The M19 DSB is a modular, all-aluminum bridge. Although
some of the components seem similar in design to the MGB, the number of
components has been drastically reduced and the bridge is a new design. A
40-meter bridge consists of 2 ramp modules, 5 parallel modules, 2 end beams, 20
approach ramps, and 24 bridge pins. Each module has curbs and drivers’
aids integrated into it, and modules fold up onto themselves for transportation.
The bridge has a 4.3-meter roadway and supports Military Load Class (MLC) 80T
(tracked)/110W (wheeled). The bridge is also fielded with a new anchorage system
for longer-term use. To further reduce labor requirements, the anchorage
system features an onboard pneumatic hammer, which is powered via standard
connections to the launcher vehicle or organic CBTs.
The DSB program transitioned into full-rate production in May
2003 and attained full materiel release in June 2003. The Program Manager
for Bridging fielded four DSB systems to the 74th Multirole Bridge Company in
February 2003 just before its deployment to Southwest Asia, and the system
successfully supported operations there.
--- This data is from the April-June 2004 issue of Engineer,
by Lieutenant Colonel Andrew DiMarco. Content modified by Don Busack.

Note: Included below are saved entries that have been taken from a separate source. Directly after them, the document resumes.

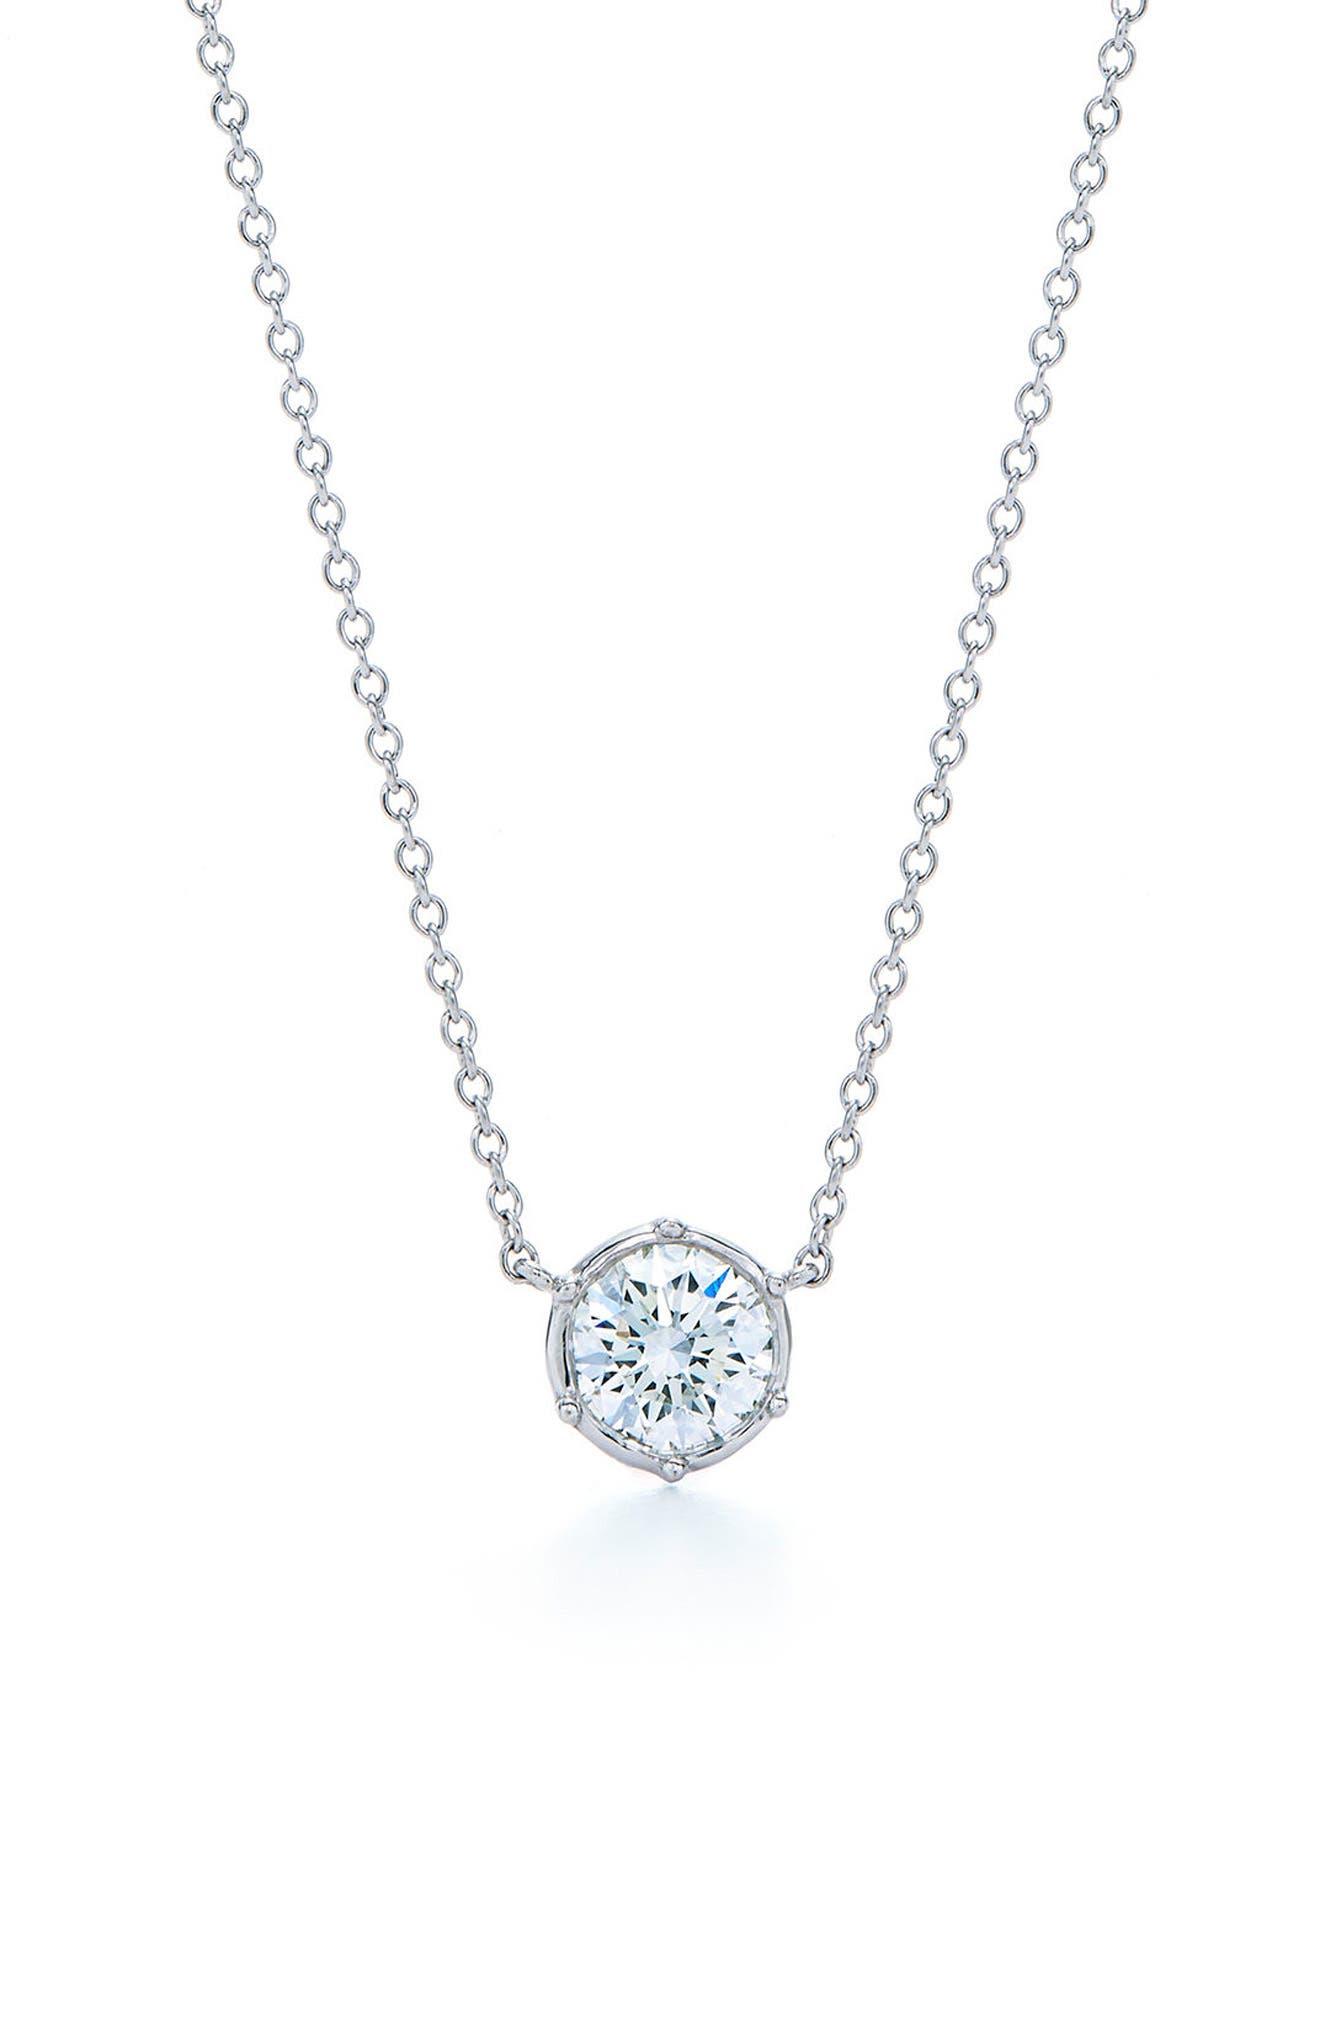 Main Image - Kwiat Classic Diamond Bezel Pendant Necklace
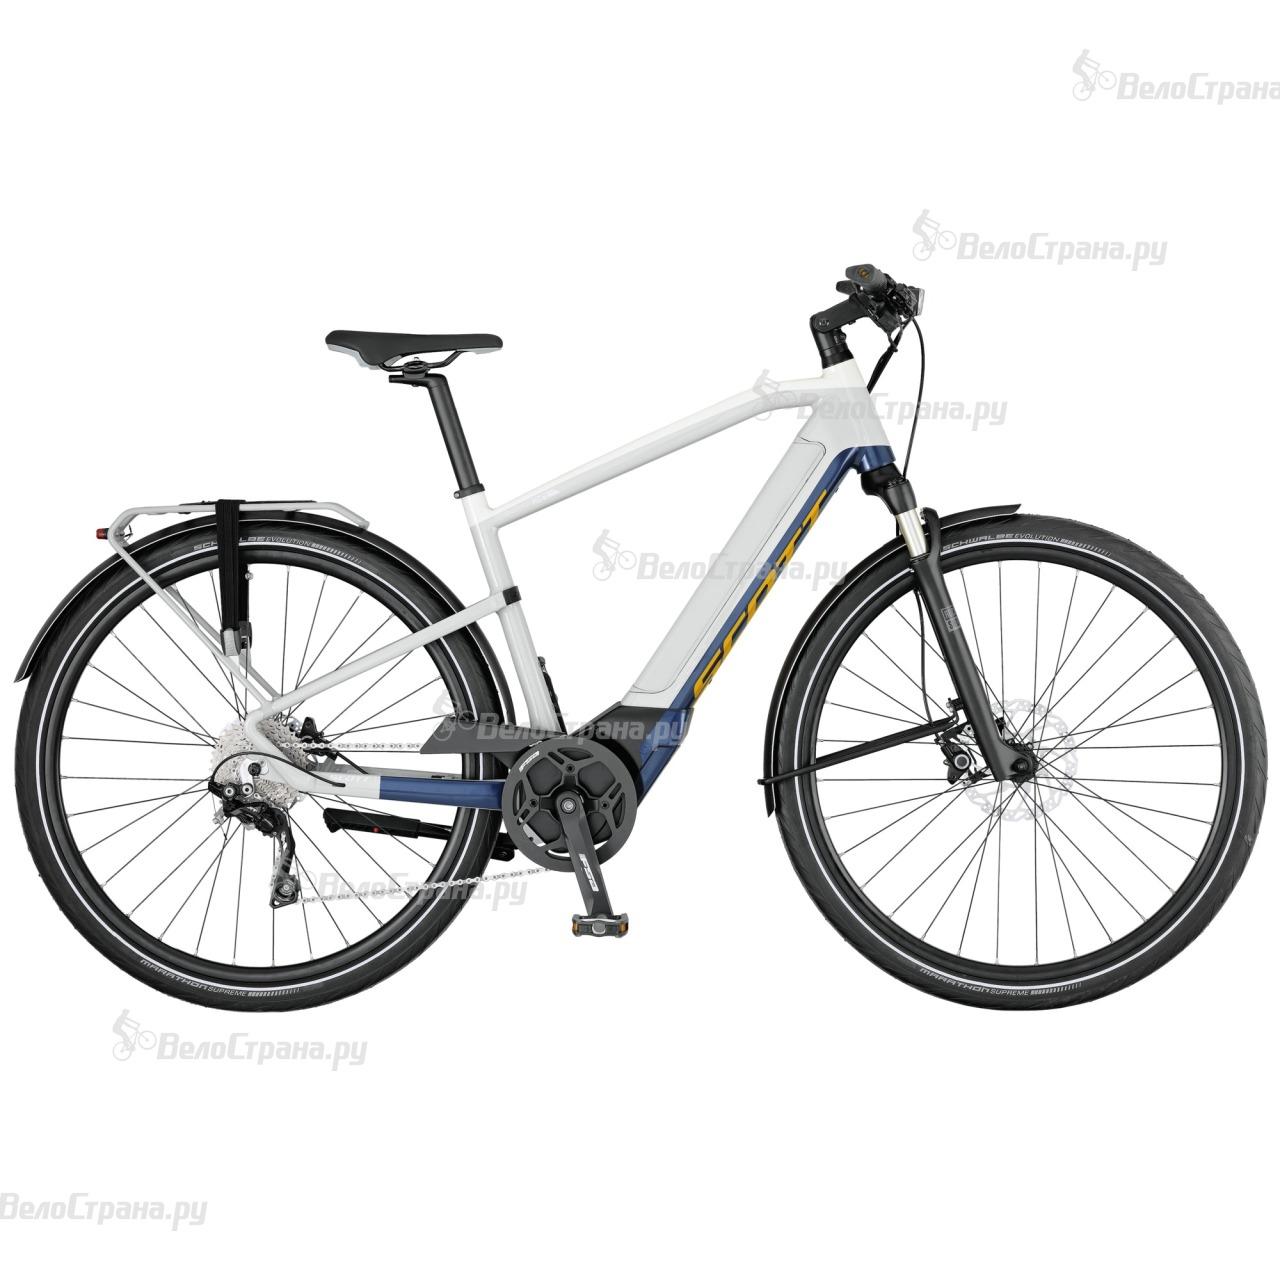 Велосипед Scott E-Silence 20 (2017) велосипед scott e silence speed 20 2017
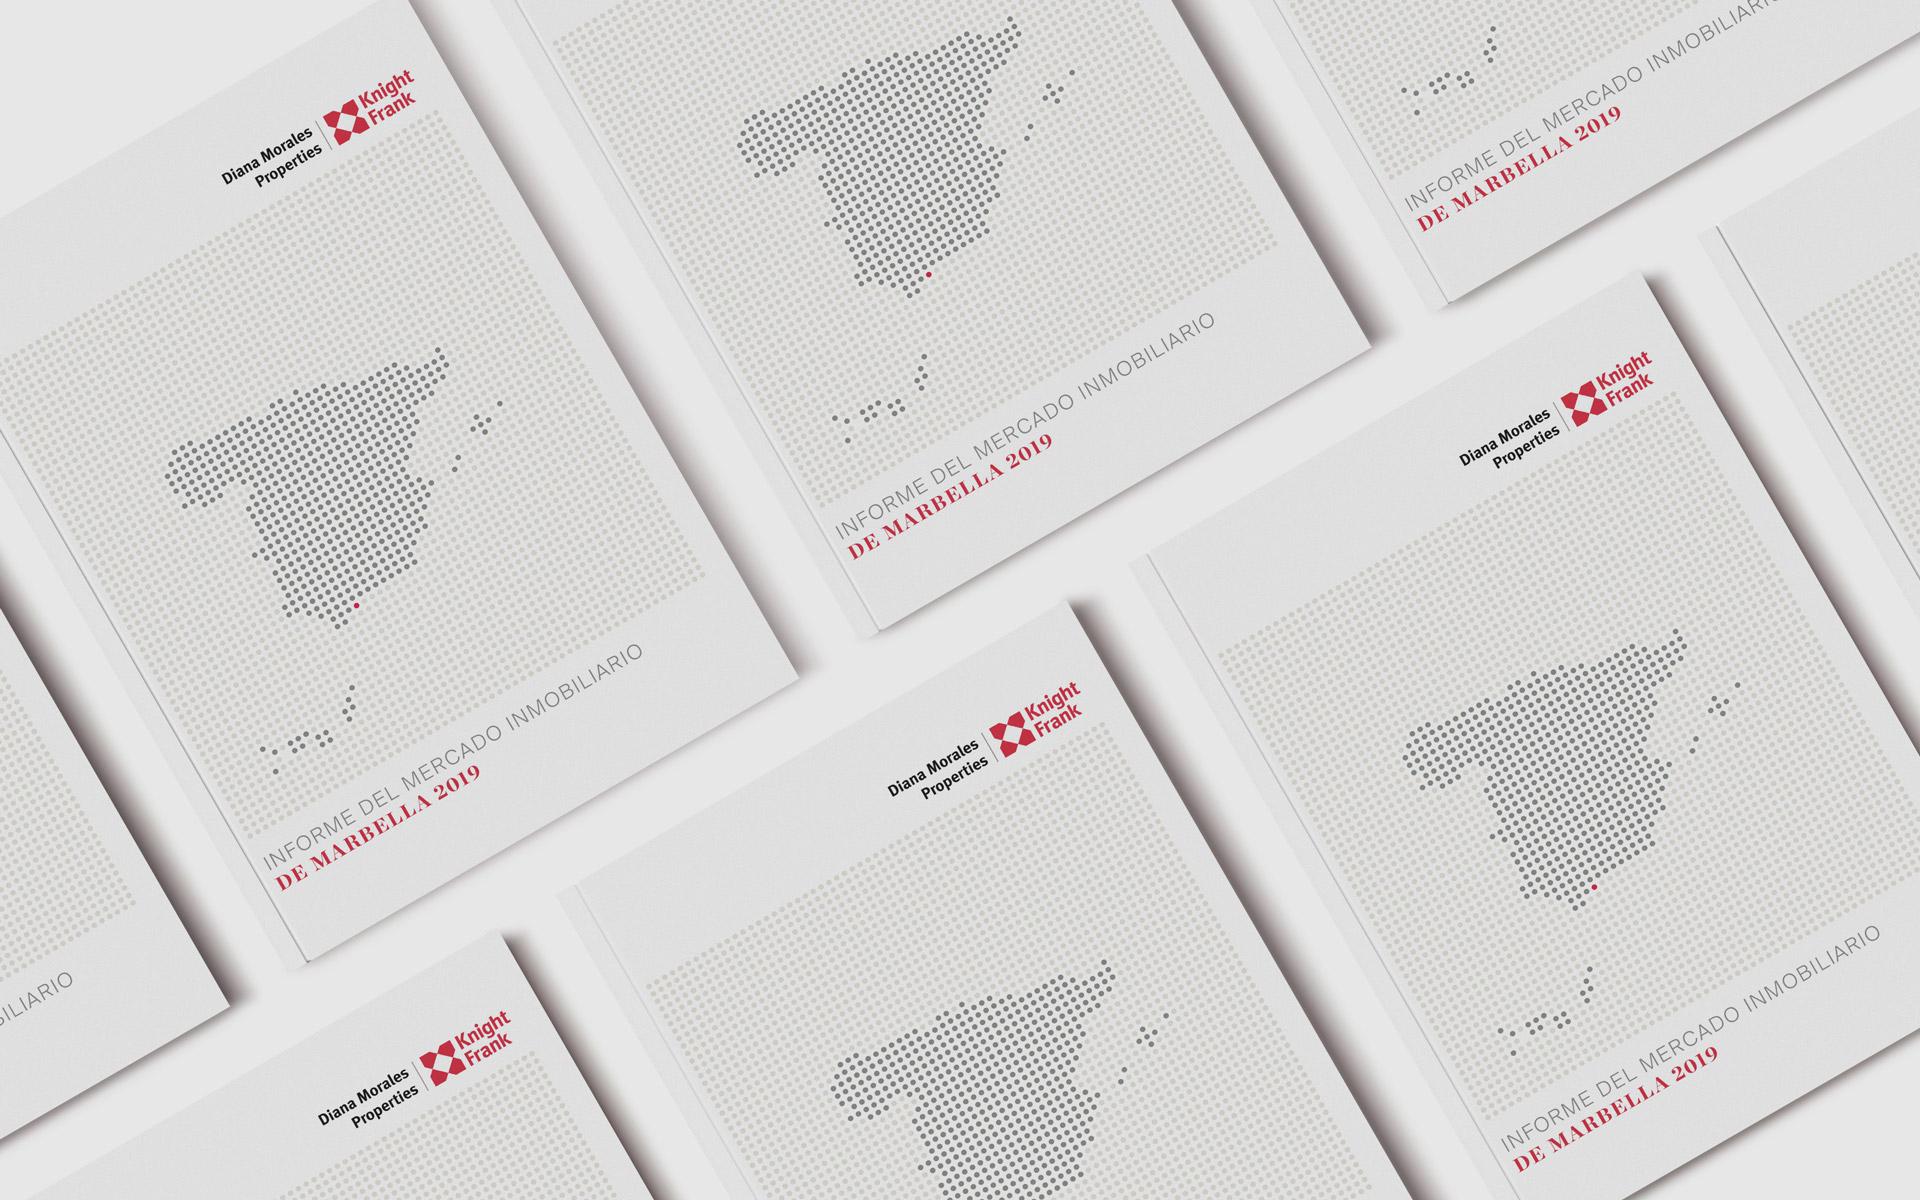 DM Marbella real estate market report 2019

Dry Support Bridge Specifics
1 DSB System consists of:
vehicle + launch beams on LVT
Load V1 - 2 parallel modules + T1 - Approach ramps/ramp module
Load V2 - 2 parallel modules + T2 - 1 Parallel Module
Load V3 - 2 ramp modules + T3 - Approach ramps
Crew of 8
All trailer and M1977 loads are palletized loads, the
launch vehicle (M1975) is mounted on a PLS chassis, but is not removable.